The IASB sets the International Financial Reporting Standards (IFRS), which are the required accounting standards for listed companies in nearly 120 countries. The Investors in Financial Reporting initiative was set up in 2014 to improve high quality, transparent financial reporting by seeking the views of investors and then giving due weight to those views in the standard-setting process.
Manager of equities at UniSuper, Lou Capparelli, said: “We are always conscious of our responsibility in the wider marketplace. We own assets both domestically and overseas and we are trying to reduce any discrepancies between jurisdictions because we own stock throughout different regions,” Capparelli added that harmonising the financial reporting process would have benefits for the super fund in the long term, for example, by having a deeper understanding of options or governance risks.

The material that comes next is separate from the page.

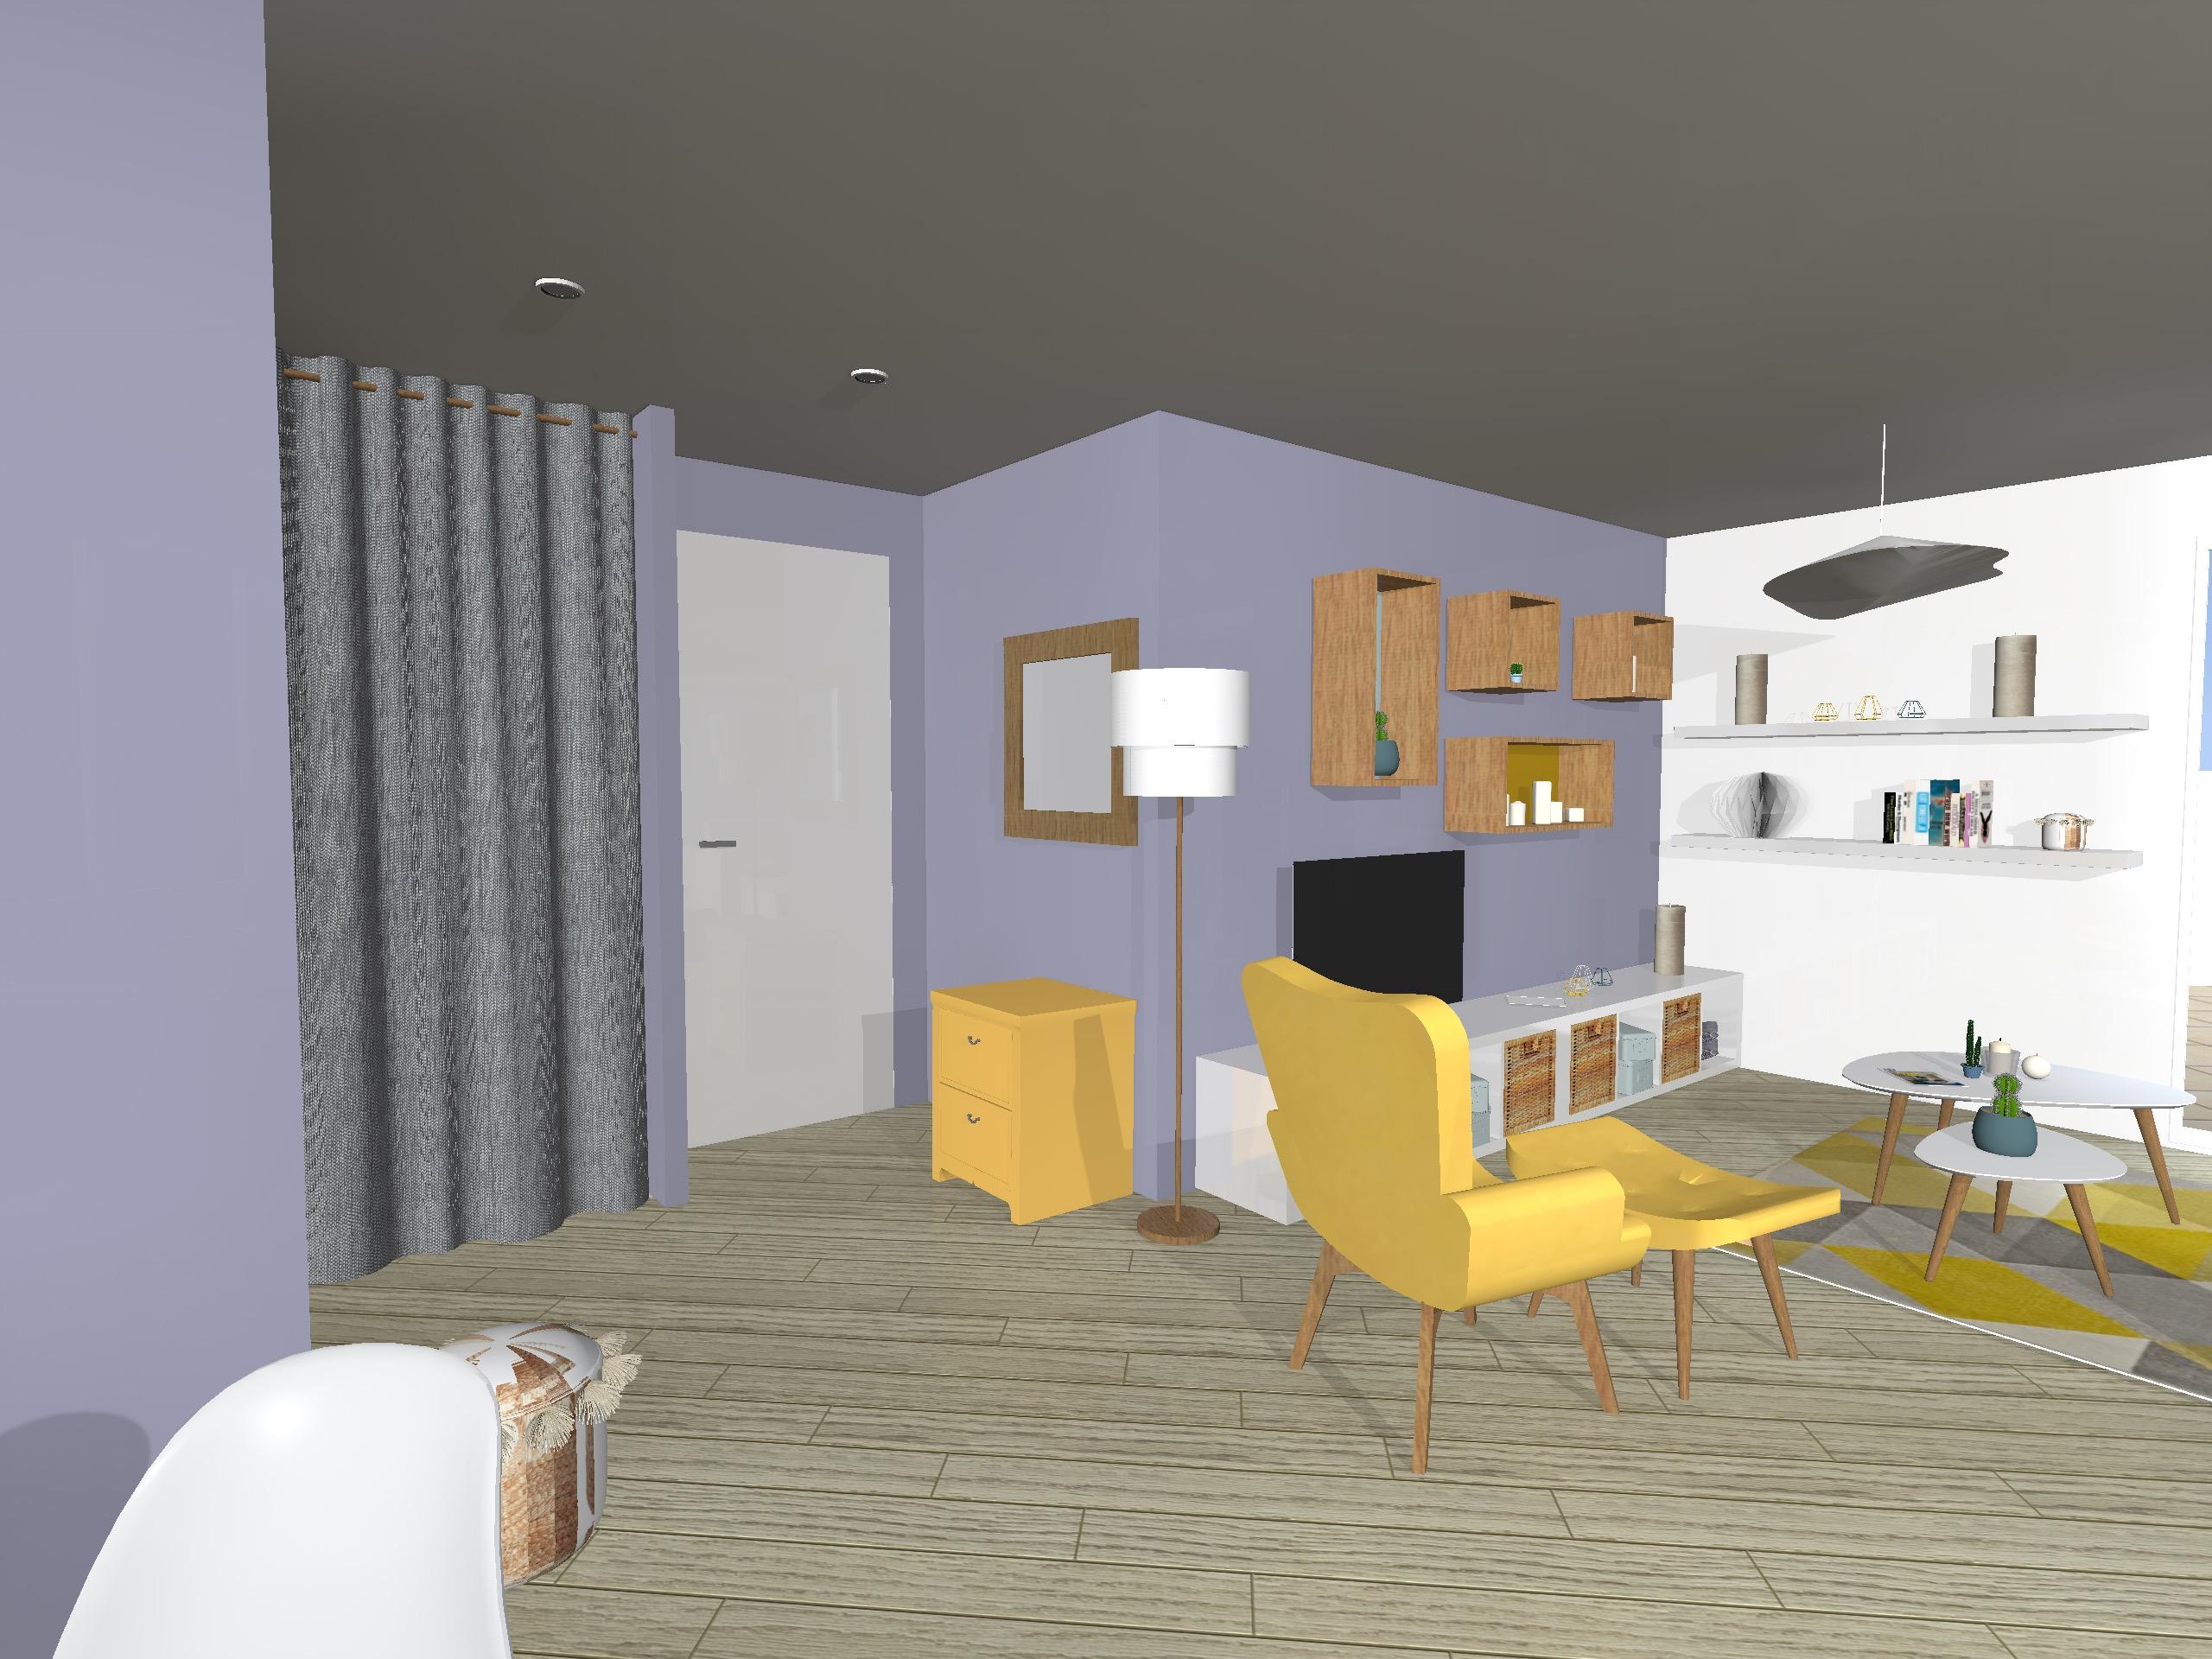 entree-sejour-villa-vailhauques-renovation-latelierdelisa

The new joiners bring the total number of investment organisations in the program to 18. The other members of the program are Aberdeen Asset Management, Allianz Global Investors, APG Asset Management, BlackRock, Caisse de dépôt et placement du Québec, Fidelity Worldwide Investment, Henderson Global Investors, Hermes Investment Management, Insight Investment, Lazard Asset Management, Nomura Asset Management, Ontario Teachers’ Pension Plan and PGGM Investments.
Lynn Wood, trustee of the IFRS Foundation, said UniSuper and AustralianSuper were connecting financial reporting with good corporate governance and “recognising more and more the role that the buy-side can play in influencing corporate governance.”
She also added there was space for more institutional investors to join should they be interested.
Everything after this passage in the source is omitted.